If GPs disaffiliate from the NHS, how about forming CHARITIES, to thwart Theresa May?

Last Updated: January 14, 2017By

Dr Kailash Chand said the view that GPs only work nine-to-five is nonsense [Image: David Sillitoe for the Guardian].

GPs’ threat to disaffiliate from the NHS in England because of Theresa May’s attempt to scapegoat them for the current humanitarian crisis is, of course, exactly what she wants.

It will bring the NHS in that country significantly closer to closure and the introduction of an expensive private service for rich people only.

(Yes, you’ll be able to buy insurance – probably from Unum. Just trying getting them to pay out when you need it!)

Call me an old stick-in-the-mud if you want, but I am ideologically opposed to giving selfish tyrants, like Mad Mrs May, what they want.

So, if doctors feel they cannot remain in Mrs May’s NHS, how about forming charities, to continue providing free healthcare in spite of her?

If you are a doctor, you might want to start considering how this could be set up now – the legal aspects and the funding streams that would need to be set up.

This crisis is all about pretending that British doctors, surgeons and medical staff cannot cope because they are lazy or bad at their jobs – and This Writer will not accept such nonsense.

If Mrs May sees that she won’t have her way – no matter how stupidly she acts – she might eventually give up.

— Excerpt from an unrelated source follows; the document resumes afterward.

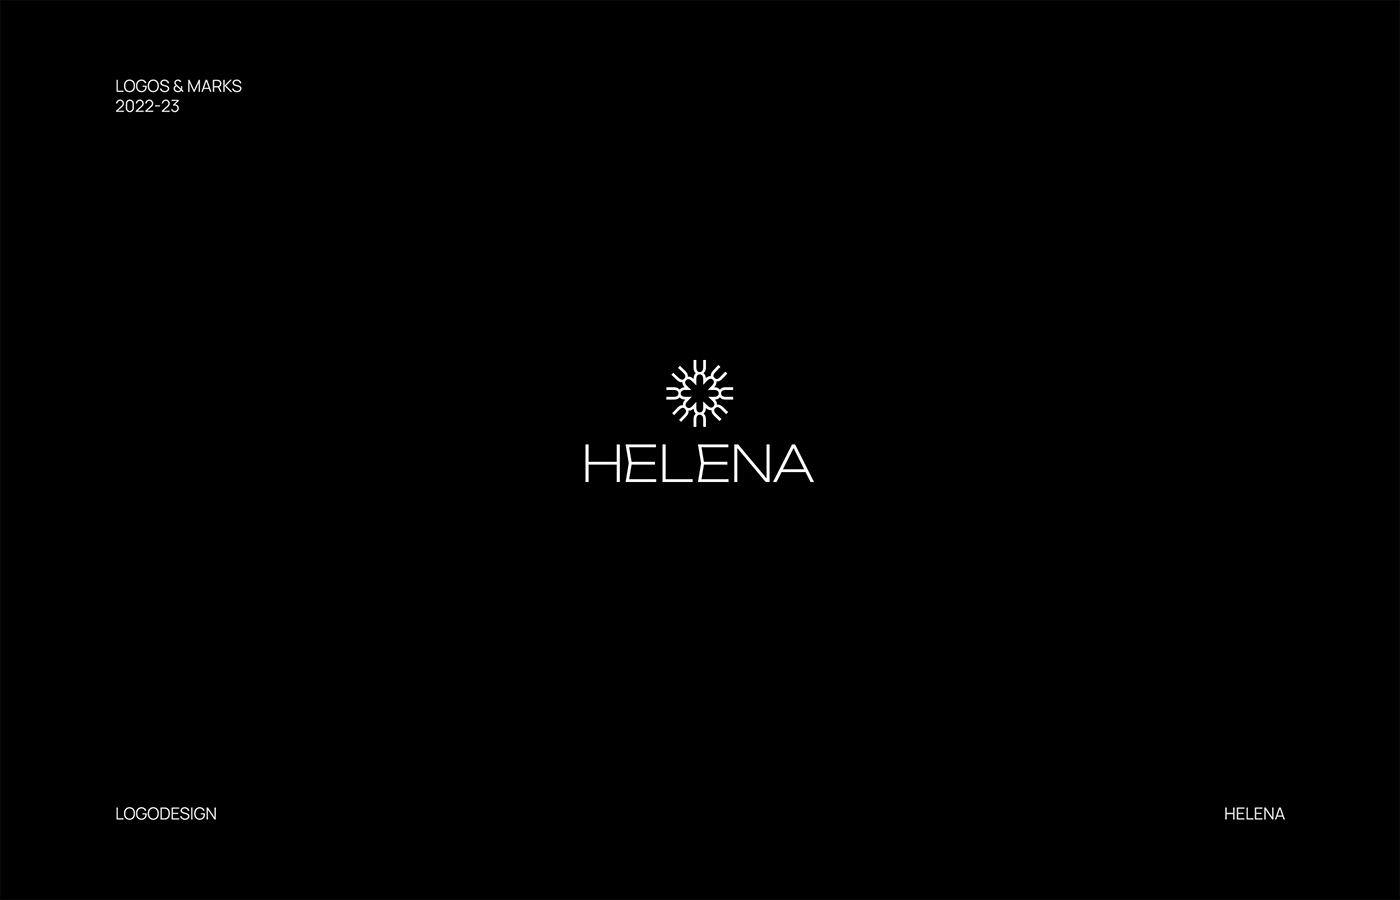 Helena - logo for cosmetic brand

I’m not saying forming charity health organisations is the perfect solution – just that people of good conscience need to think about defeating the Tory strategy. Perhaps someone working within the English NHS has a better idea.

In any case, a future Labour government will restore the publicly-funded health service to the proper standard, so any emergency measures need not be expected to be permanent.

Theresa and her Tories must be defeated here. Much more depends on it than simply the NHS in England (and Wales, Scotland and Northern Ireland, whose funding is dependent on the English service receiving cash).

Let’s have a contingency plan ready, for the moment the worst prime minister in UK history does the worst thing she possibly can. Because I think she will.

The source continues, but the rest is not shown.